DATA EXTRACT:
* * * * * * * * *

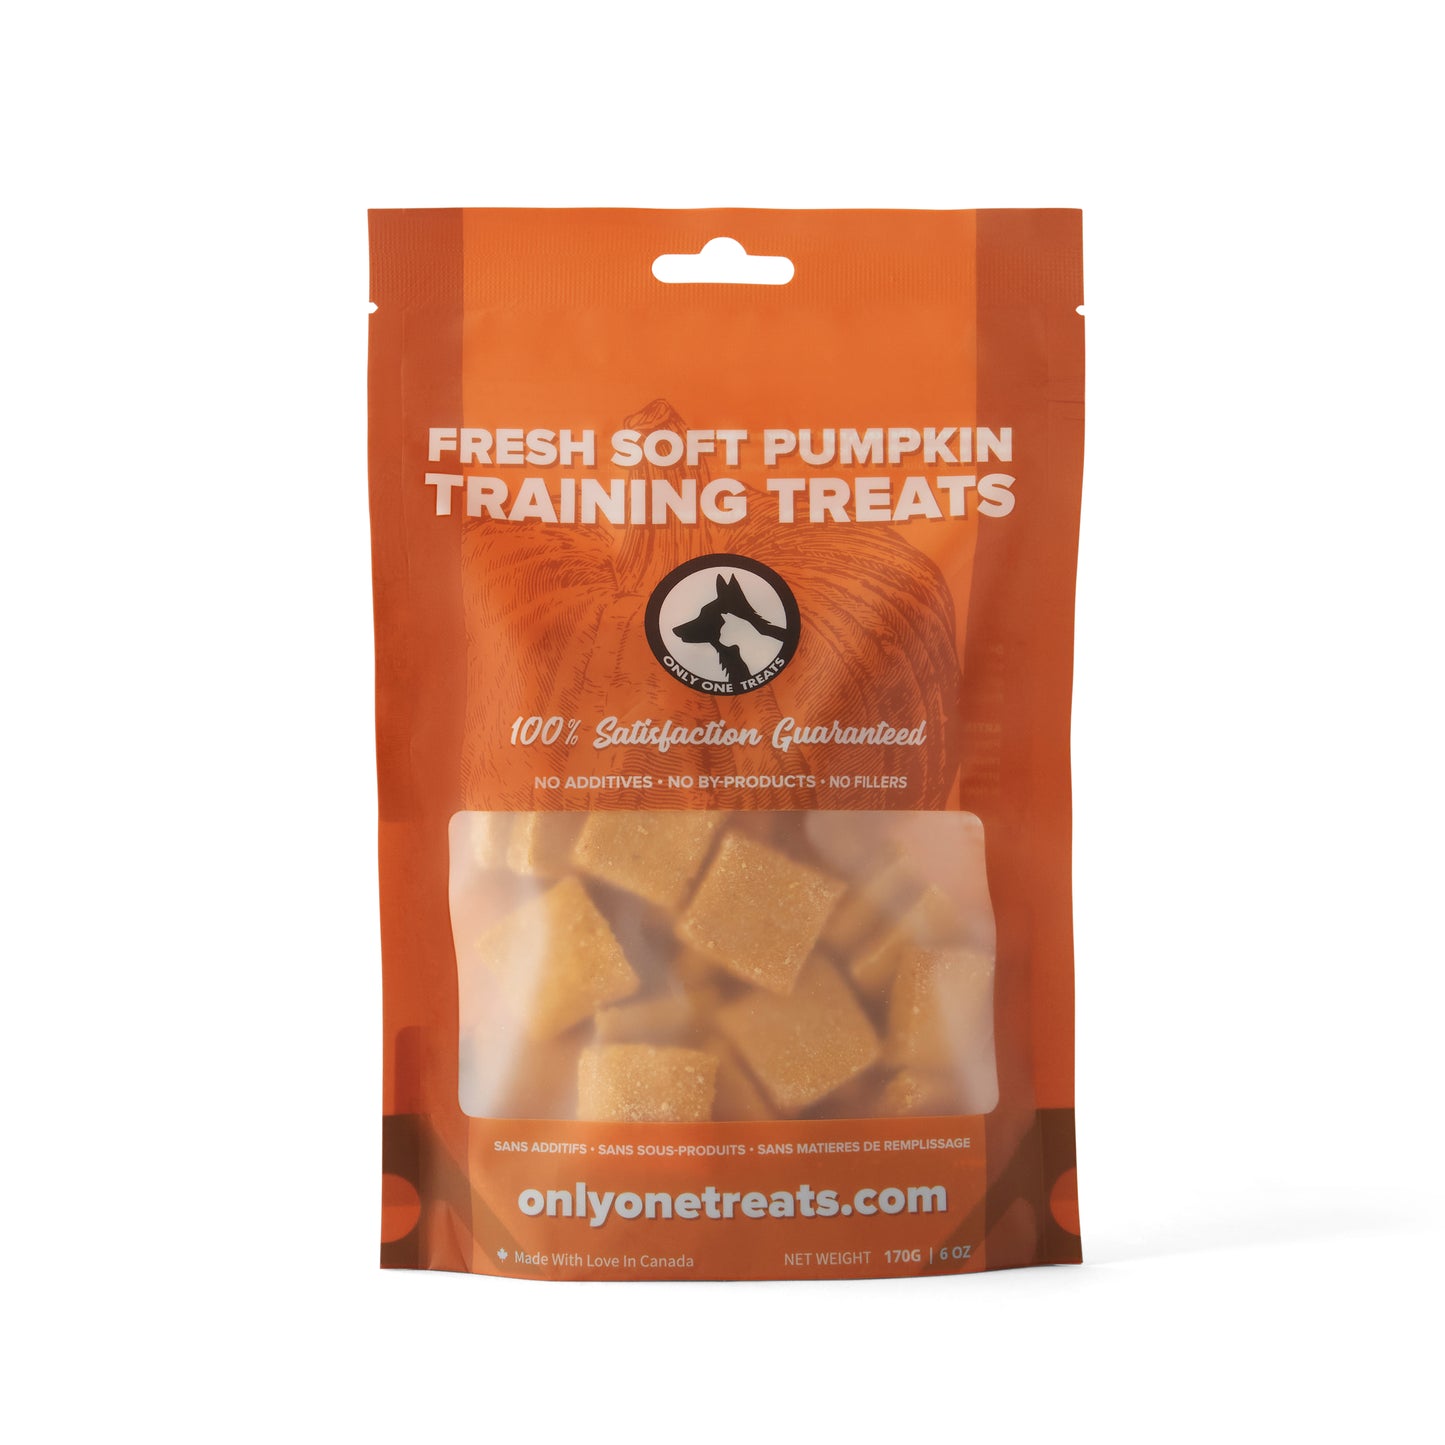 Pumpkin Training Treats
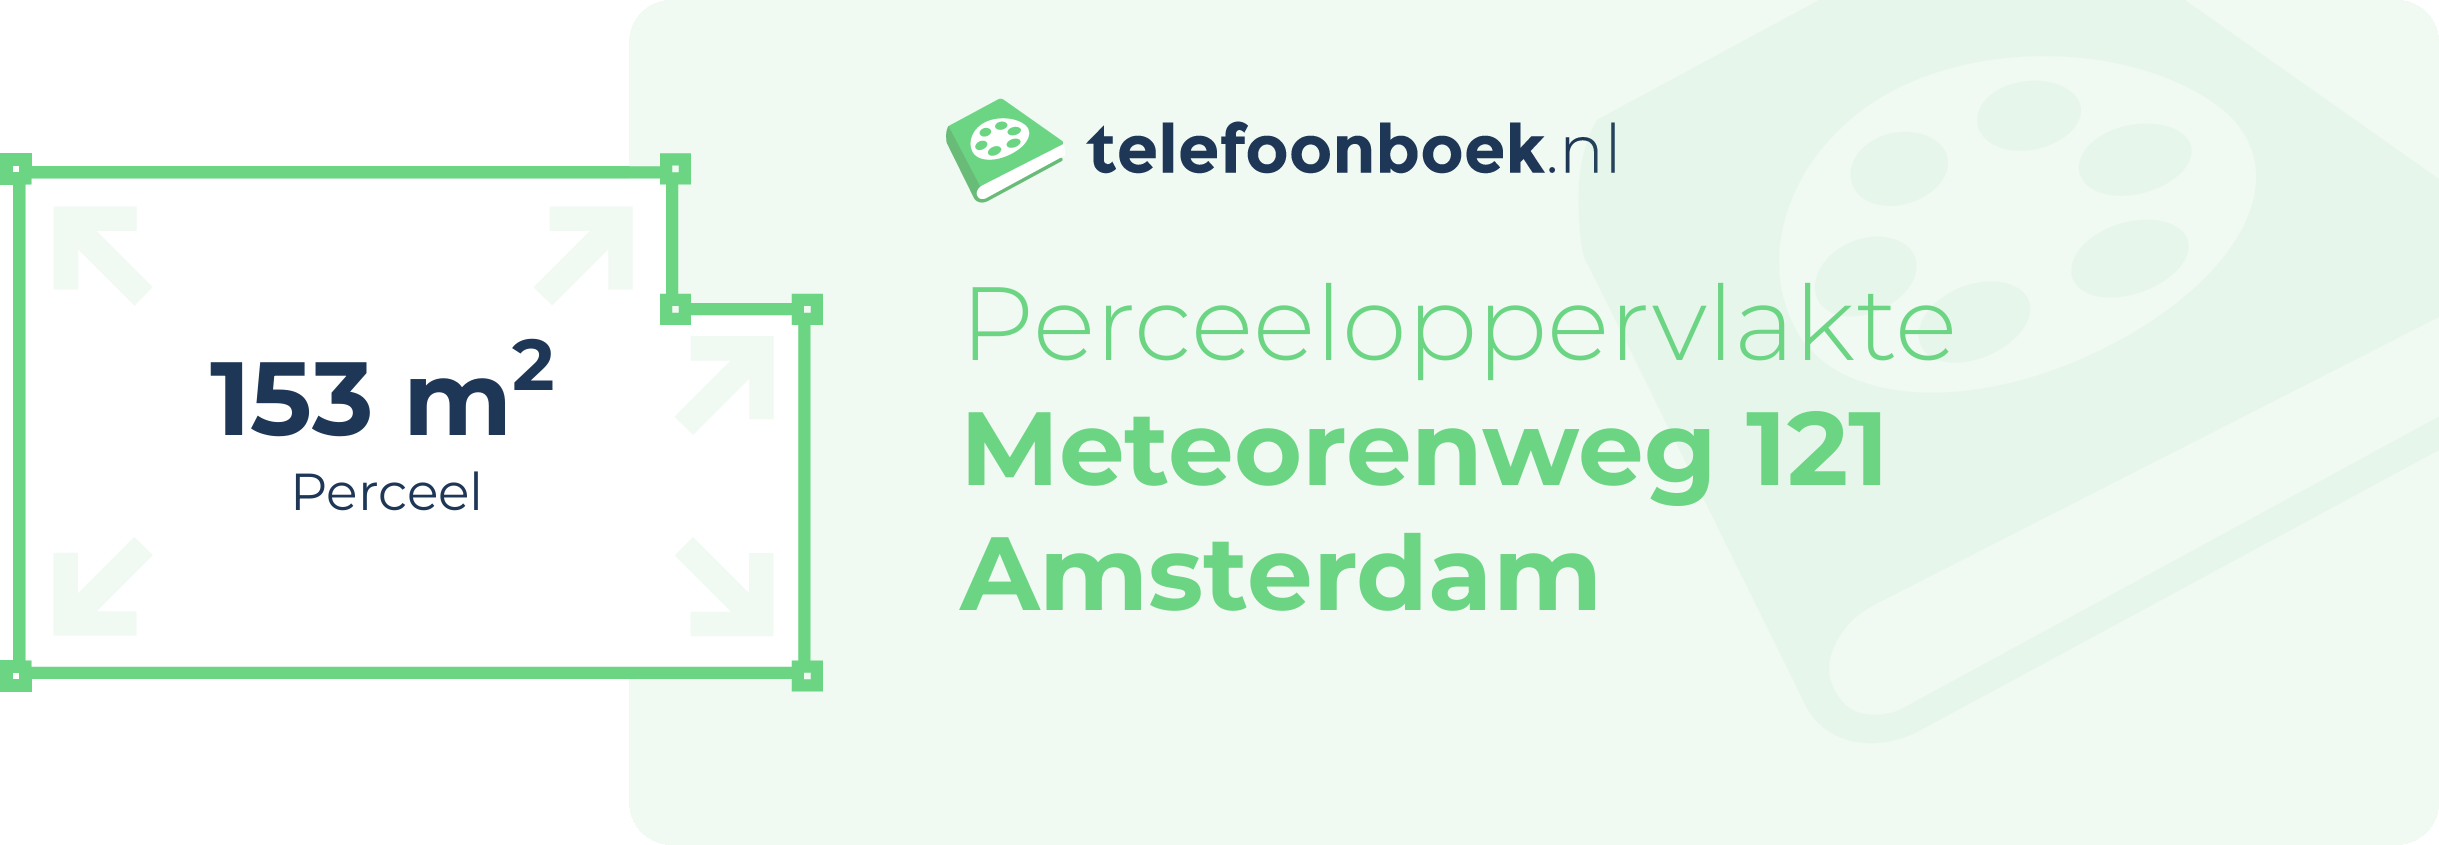 Perceeloppervlakte Meteorenweg 121 Amsterdam
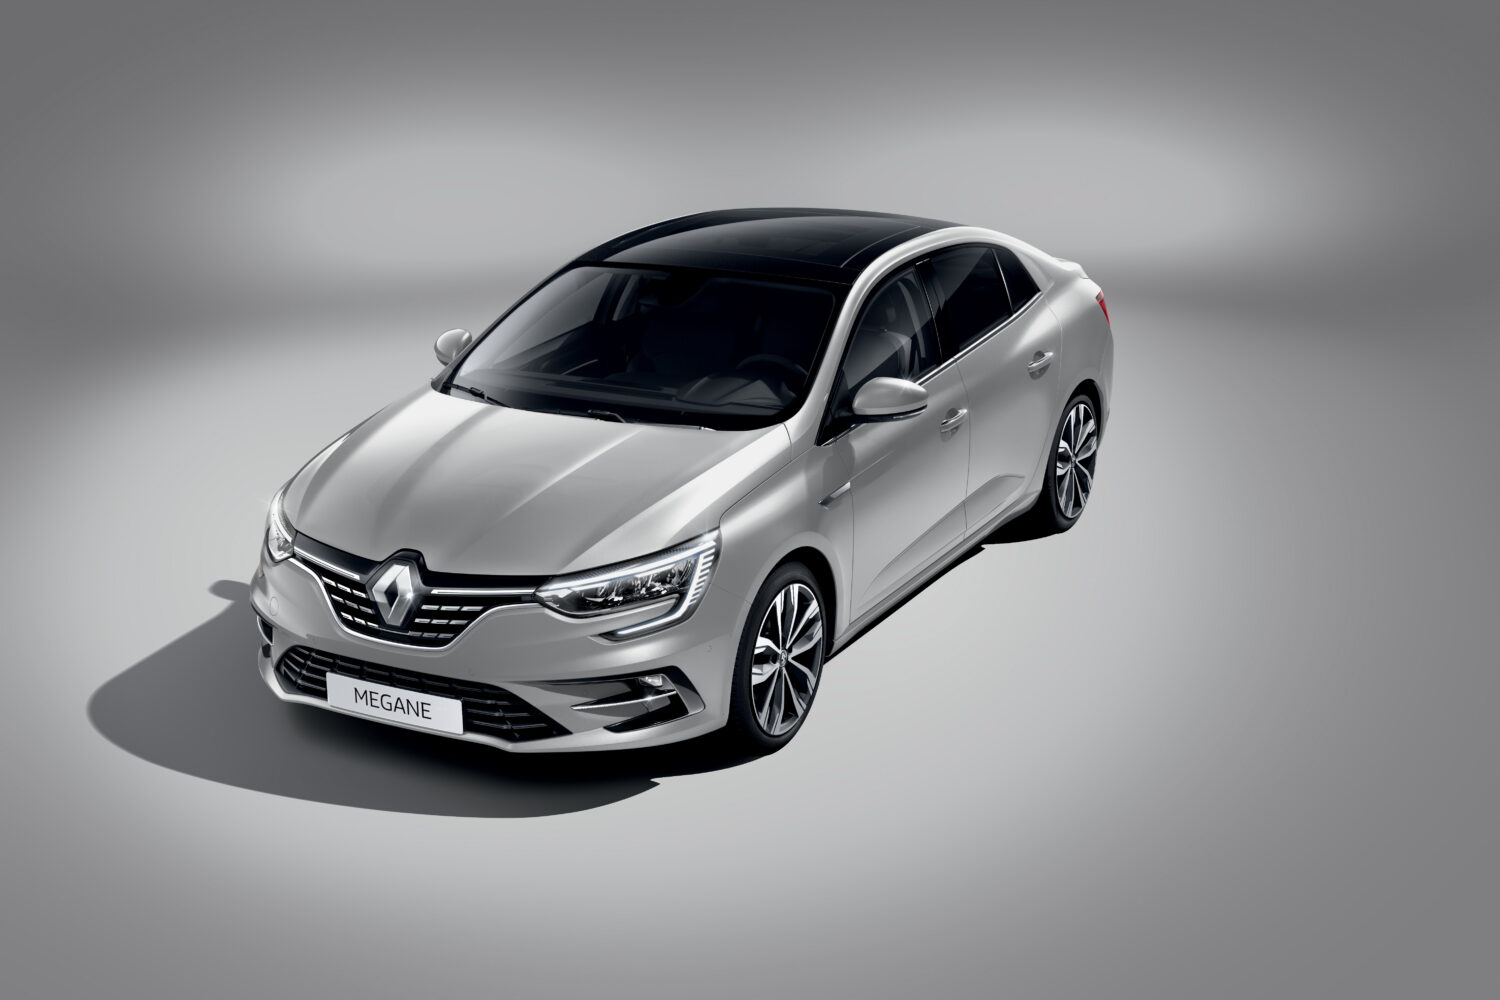 2020 - Nouvelle Renault MEGANE SEDAN

* * * * * * * * *

YOUR ASSIGNMENT: Return the material exactly as given, apart from the pictures.

FINISHED TASK:
 Pumpkin Training Treats
 Perceeloppervlakte Meteorenweg 121 Amsterdam
 2020 - Nouvelle Renault MEGANE SEDAN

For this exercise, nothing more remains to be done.